# Persian: دستش به داغ عشق، همان دور از آتش است



## HZKhan

Salam friends!
I am having difficulty interpreting the following couplet of Hazīn Lāhījī. Please help me comprehend it.

دستش به داغ عشق، همان دور از آتش است
پروانه‌ای که خویش نزد بر چراغ ما

I interpreted it as saying: Her hands on love's burn are still far away from the fire (of love). It is as if a moth didn't fly itself into our lamp.

Or could it mean: The moth which didn't fly itself into our lamp has its hands on the love's burn, but they are still far away from the fire itself?


----------



## colognial

HZKhan, hi. I think the second interpretation is closer to the meaning of the line. 

The moth is said to have avoided dashing its body against an actual lamp or to have not flown headlong into some real flame; the poet then reaches the conclusion that this particular moth is in the habit of keeping its hand well away from the heat given off by the fire of love. The idea is, I suppose, that in love all sacrifice is not only fair but a requirement. 
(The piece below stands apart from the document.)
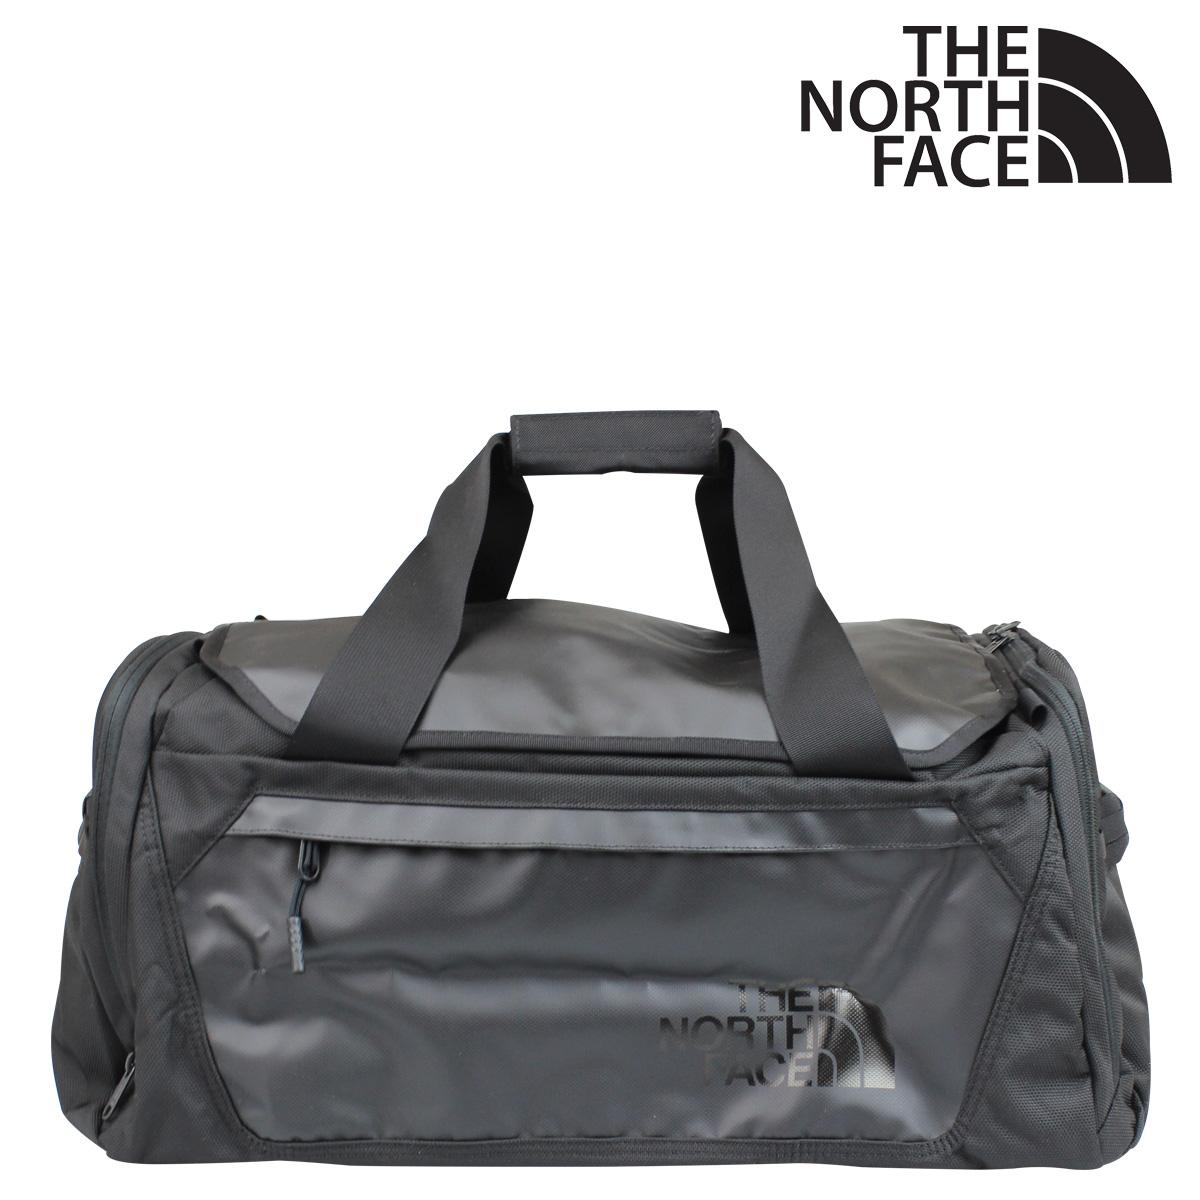 46c7cfd41 North Face THE NORTH FACE duffel bag Boston bag CF50 60L LANDFALL  EXPANDABLE DUFFEL men gap Dis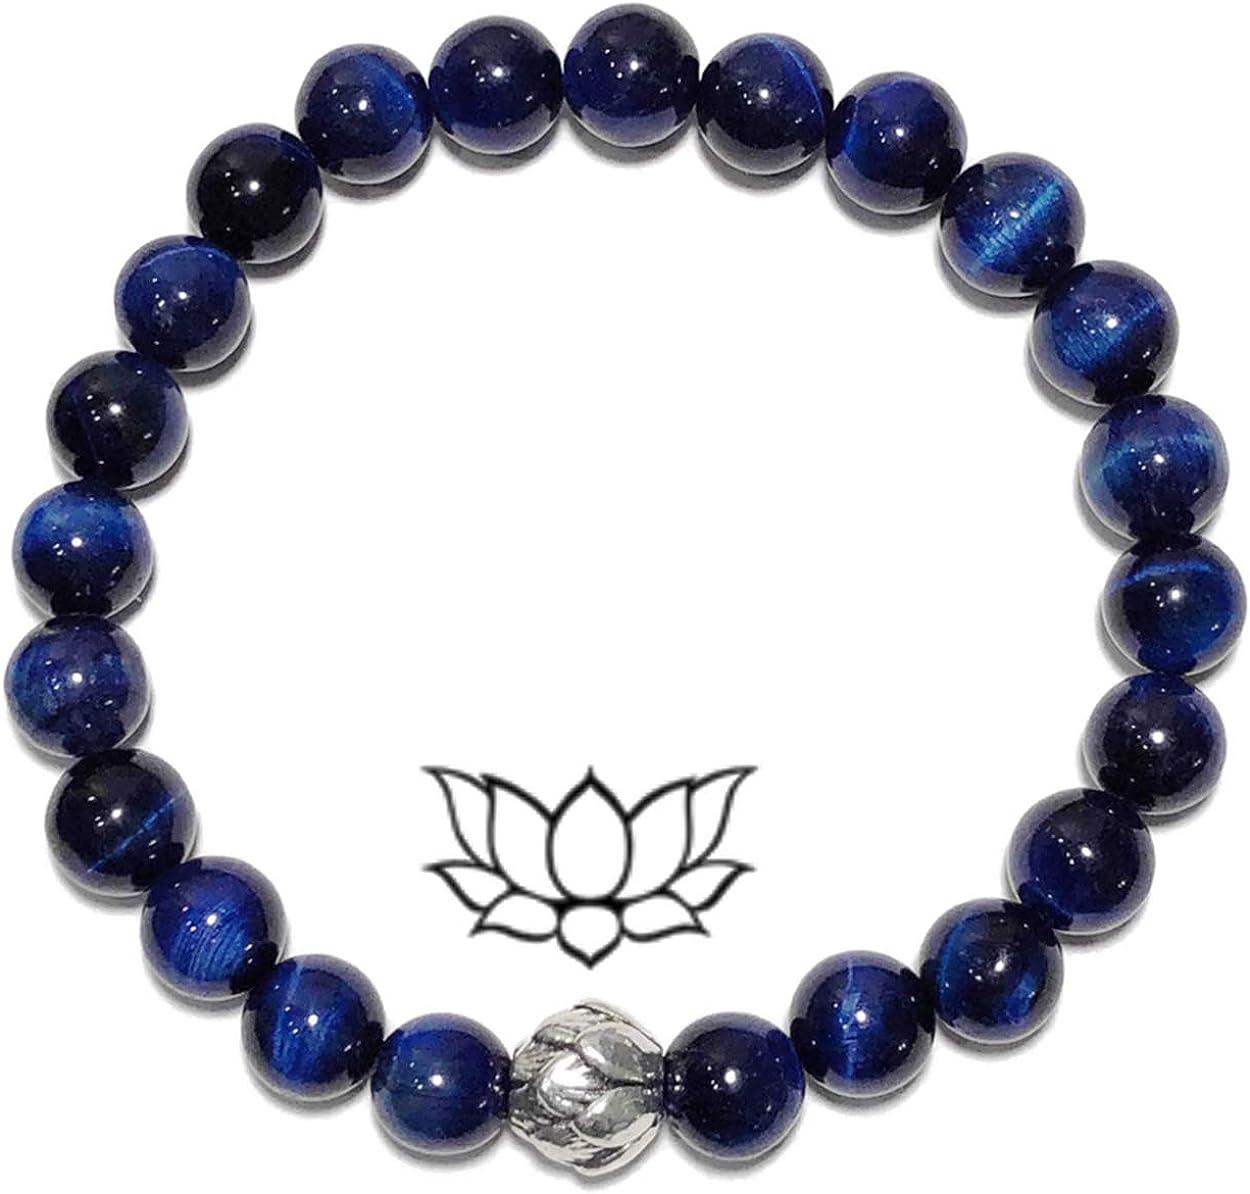 BLUE TIGER EYE | Silver LOTUS Bracelet | PERSEVERANCE | Meditation Self-Care Wellness Wristband | Yoga Bead Mala | Chakra Reiki Energy Zen Jewelry

"To keep your hand sufficiently away from the fire" is an expression, by the way, implying that, despite appearances, the person the expression is used about has in fact no first-hand knowledge of the gravity or intensity of a certain situation.


----------



## HZKhan

Kheili Motashakkeram, Aghaye Colognial!
How would you translate 'dastash be dagh e eshgh'?


----------



## molana

*دستی از دور بر آتش داشتن*: از حقیقت امری بی خبر بودن، قضاوتی سطحی از چیزی داشتن



HZKhan said:


> How would you translate 'dastash be dagh e eshgh'


 Dealings with fire of love​​


----------



## colognial

دست اش به داغ عشق همان دور از آتش است literally means 'its hand, to the hot[ness] of love, is truly far from fire'. The poet alludes to the expression دستی از دور بر آتش داشتن, which changes the literal meaning to 'in the matter of the intensity of love, the moth is certainly clueless, since it keeps a safe distance away from the fire'.


----------



## PersoLatin

HZKhan said:


> دستش به داغ عشق، همان دور از آتش است
> پروانه‌ای که خویش نزد بر چراغ ما


The poet is saying that, this particular person's love, is not true love, and compares it, to the lack of true love a moth shows, when it doesn't get close enough to a fire, to burn, which is the usual instinctive behaviour of a moth.


----------



## fdb

Note that داغ means “branding iron”.

A more-or-less literal translation might be:

“His hand is upon love’s branding iron, though it is far from the fire.
(He is like) a moth which does not (dare to) cast itself upon our lantern.”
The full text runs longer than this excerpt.